Alex nodded slightly. “I feel light-headed, and I’m seeing crazy things.”
“You’re going in and out of delirium,” Jim agreed as he pressed his hand to her forehead. She was burning up. He feared her fever was around a hundred and three, but he didn’t tell her. No sense in alarming her. Her being a nurse put her in touch with those possibilities anyway.
Jim’s hand steadied Alex’s whirling, tilted world, and she forced a slight smile. “Last night...last night I dreamed crazy dreams.”
“Like what, gal?” He took a cloth, wrung it out and placed it across her forehead.
“You were the Lone Ranger and I was Tonto. We were running from the VC together.” Alex closed her eyes. “Isn’t that stupid? I hate war, I hate guns, and there I was, right in the middle of it with you.”

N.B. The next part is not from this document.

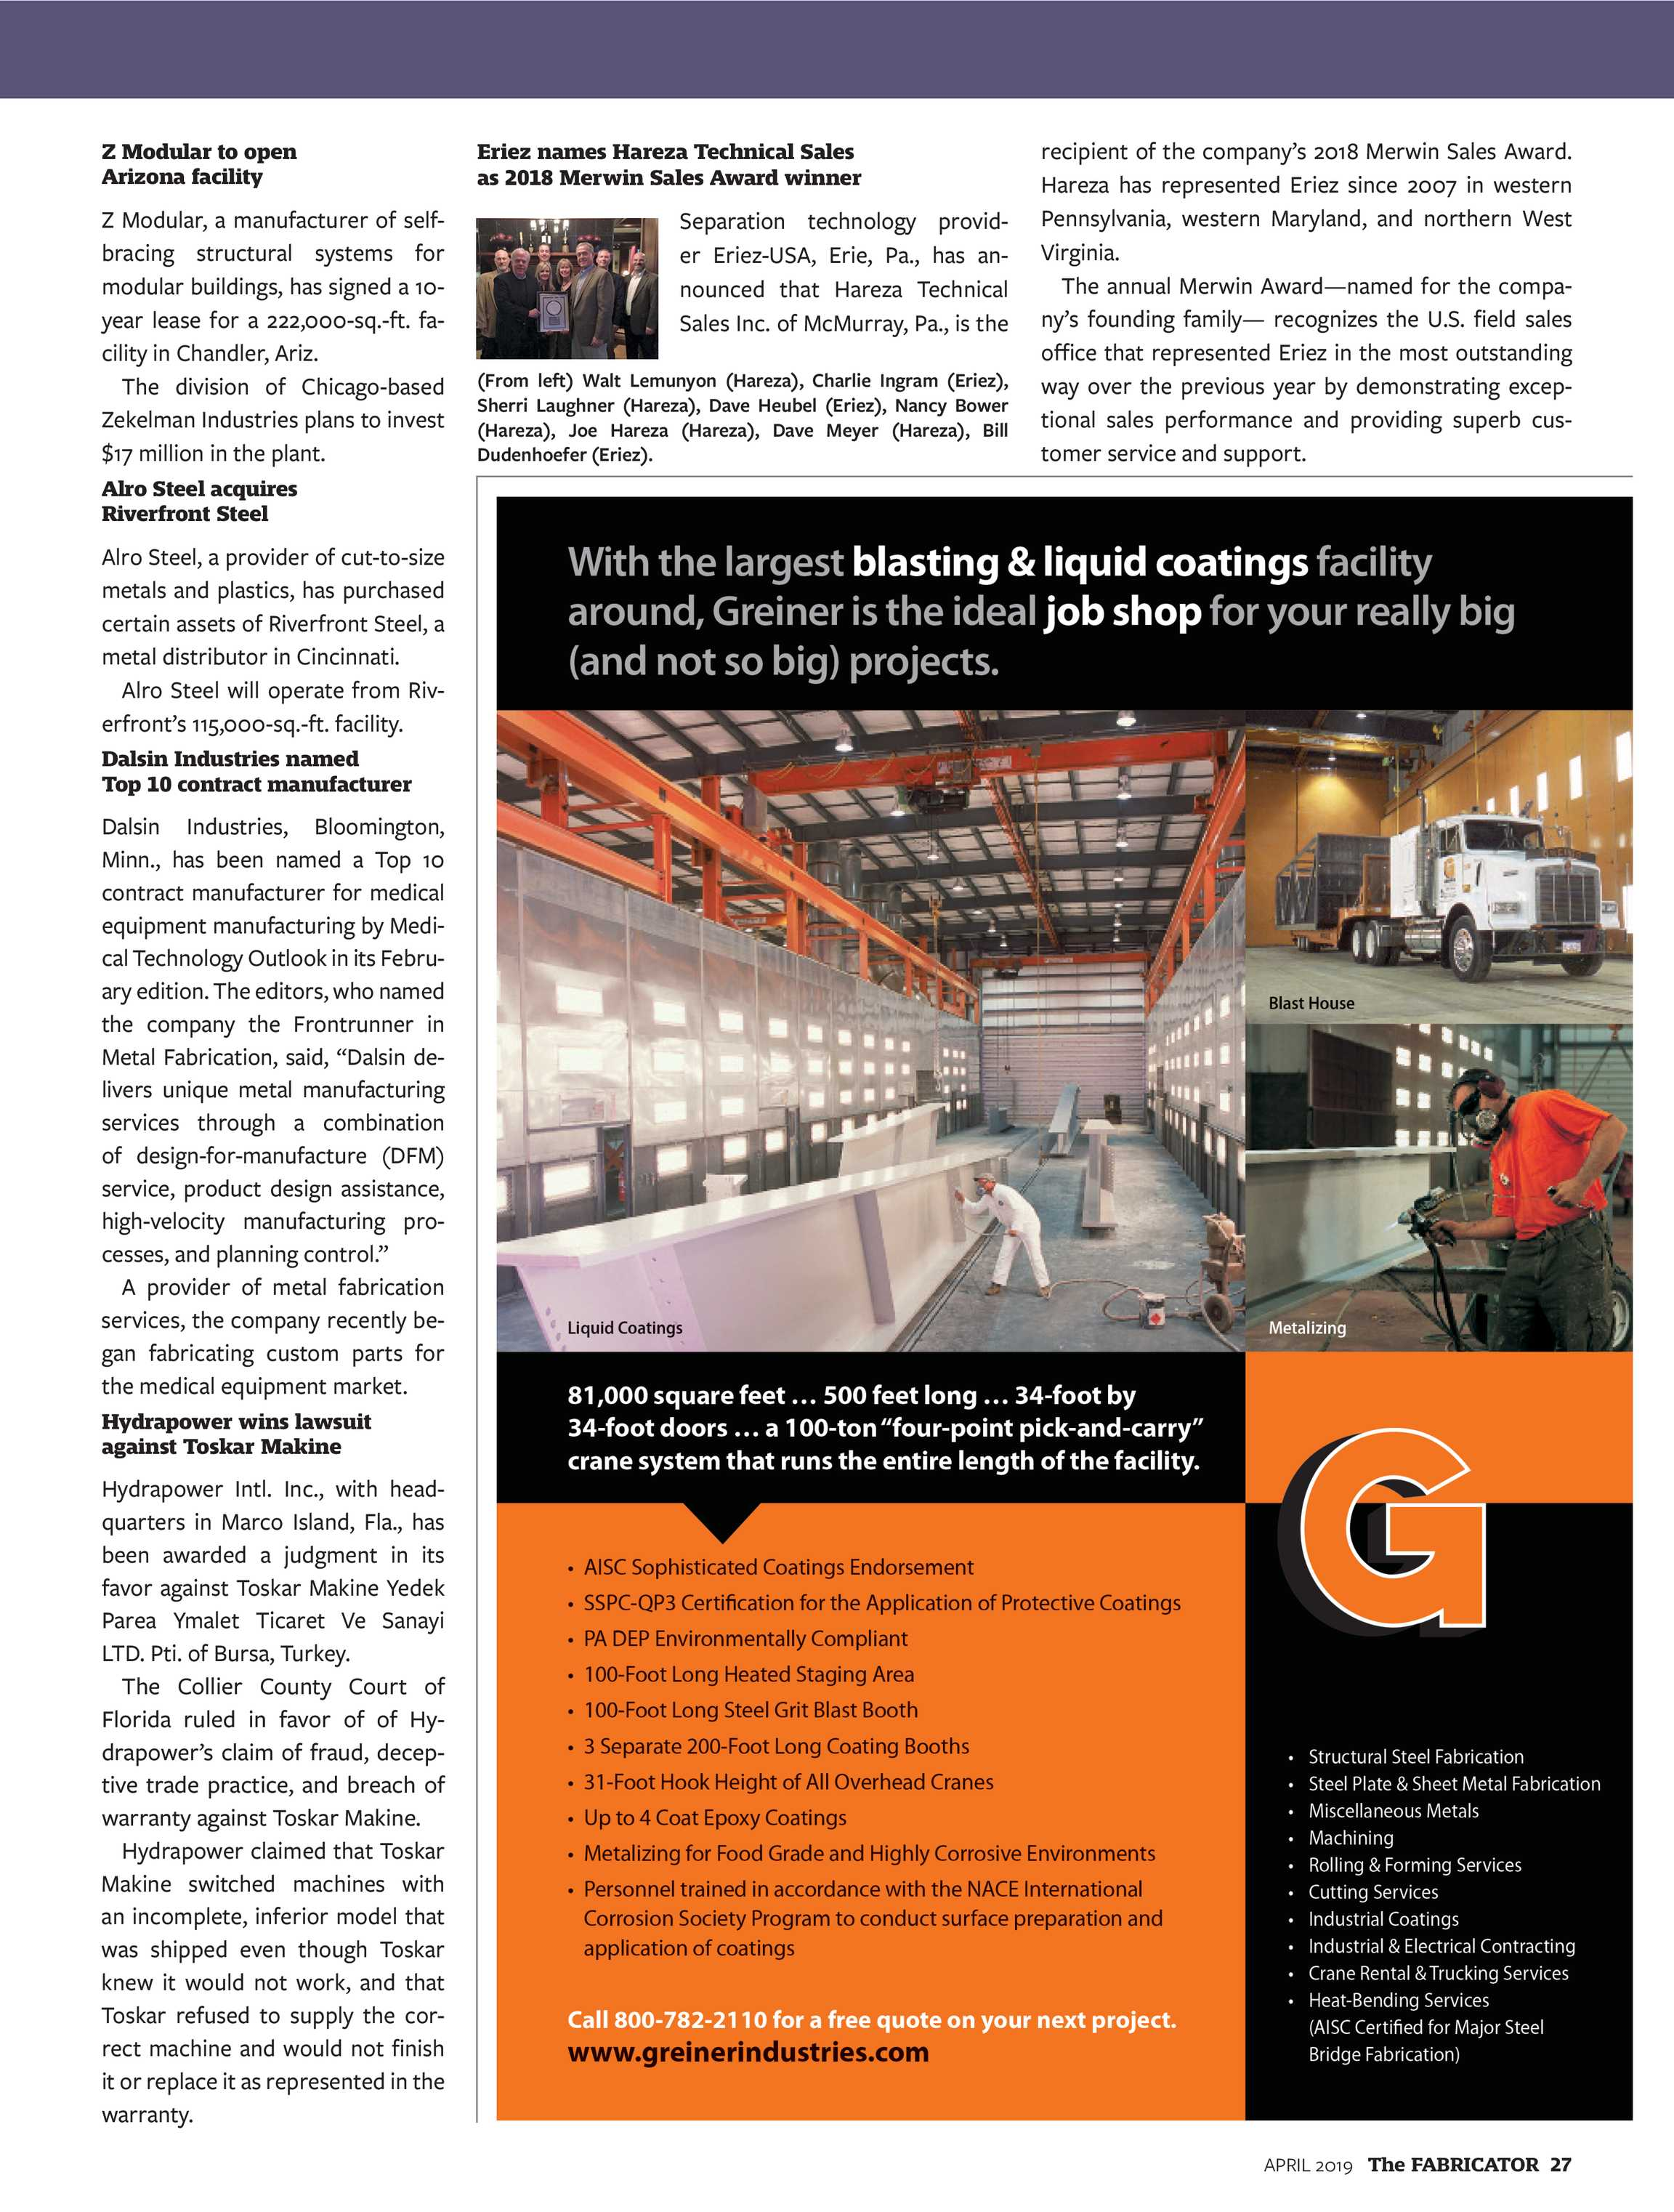 The Fabricator - April 2019 - page 27

“Better to dream it than do it for real,” Jim said in a low voice. When she opened her eyes, he smiled. “Did we outrun them?”
“Yes...but it was awful.”
“Dreams, my ma once told me, are a good place to work out your feelings and fears.” He gently touched her tangled hair. “I think that’s what you were doing.”
“Your mother sounds wonderful.”
“A real practical lady,” Jim agreed. “I miss her wisdom—I miss her cooking.” He grinned. “I remember waking up mornings as a kid growin’ up and smelling corn bread bakin’, eggs fryin’ and coffee brewin’. Hunger drove me out of my attic bunk, and I’d sit at the table with blue john, corn bread and eggs, eating as if there was no tomorrow.”
“Blue john?”
He laughed softly. “Missouri slang, gal. Blue john is skim milk to you city folk.”

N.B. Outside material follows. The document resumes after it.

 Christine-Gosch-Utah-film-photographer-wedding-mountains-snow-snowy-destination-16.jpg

When Jim smiled, the terrible tension in his features eased. Alex stared up wonderingly at his lean face. “Your whole face changes when you smile.”
Jim looked away. Her compliment took him by surprise. “I’m just a lanky hill boy from Missouri, not a very good-looking sort.”
“I think you have a wonderful face,” Alex parried softly. “Your eyes tell me how you feel. And I like it when you smile....”
Jim refused to look at Alex. “If I were worth anything at all, I’d have gotten you back to the marine firebase by now.”
“If you weren’t worth anything, you’d have left me in that jungle to die or be captured.”
Rubbing his face, Jim glanced down at Alex. “You carry the faith of the world in your large heart. You know that?”
“I’m an idealist,” Alex agreed. “But then, so are you.”
“Me?”
“Yes. My father’s a congressman, and he’s a realist. He’s always accused me—”
“A congressman?” Jim turned toward her, astounded.
Blankly, Alex studied his suddenly tense face. “Didn’t I tell you Father’s a congressman?”
His mouth went dry. “No.” His mind whirling, Jim knew without a doubt that all kinds of rescue missions would be sent to find Alex. It had been three days since the crash. Maybe that’s why the VC activity around their tunnel had increased. The marines no doubt had sent in a recon team to try to locate Alex, or at least to investigate the crash sight.
“What’s wrong, Jim?”
He shook his head. “Nothing’s wrong.” Every firebase in the vicinity would be on the lookout for Alex. Getting her safely through the net of VC to the marines might be possible after all!
First things first, Jim reminded himself grimly. “I need to get some antibiotics, Alex.”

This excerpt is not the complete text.